Ephemeris Lappis created AMQ-9653:
-------------------------------------
Summary: ActiveMQ doesn't process and deliver messages into/from
queues in right order
Key: AMQ-9653
URL: https://issues.apache.org/jira/browse/AMQ-9653
Project: ActiveMQ Classic
Issue Type: Bug
Components: Broker
Affects Versions: 5.18.3
Environment: ActiveMQ is executed as a pod in Kubernetes clusters,
with a OpenJDK 64-Bit Server VM version 17.0.9+9 (Eclipse Adoptium).
The persistance DB is on a VM (not a container)
The Karaf has the same configuration in the same cluster namespace.

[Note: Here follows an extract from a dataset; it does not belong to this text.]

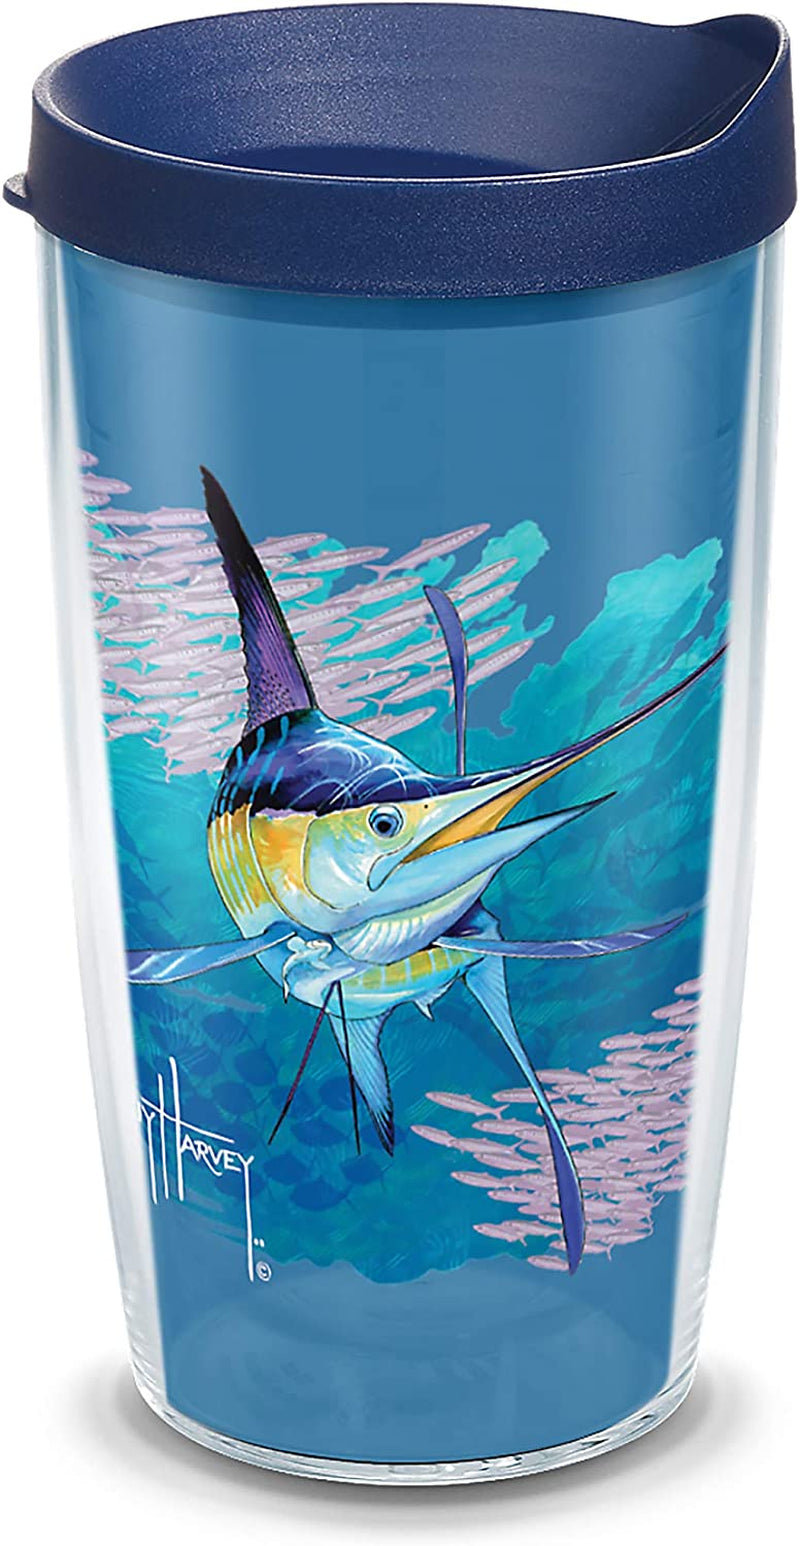 Tervis Made in USA Double Walled Guy Harvey - Offshore Haul Marlin Insulated Tumbler Cup Keeps Drinks Cold & Hot, 16Oz Mug, Classic Home & Garden > Kitchen & Dining > Tableware > Drinkware Tervis Classic 16oz

All in Linux images 5.15.0-116-generic #126-Ubuntu
Reporter: Ephemeris Lappis
After some load tests we can see random cases of messages that are delivered in
an unexpected order. I our case this breaks the application for which the
processing order is mandatory.
FYI, we use a JDBC (PostgreSQL) persistance, although it may not be directly
concerned.
We've set some hacks to try to analyze where and when this occurs. First of
them is a trigger on the "activemq_msgs" table to insert all the messages in a
mirror table to keep them. Then we've substituted the application's queue
consumer by a small Camel route that consumes messages and checks their logical
orders. When a message arrives in a wrong sequence, a log is written in Karaf,
and the message is copied into another backup queue. We also have the logs of
the Camel routes that produce the messages that gives the origin chronology.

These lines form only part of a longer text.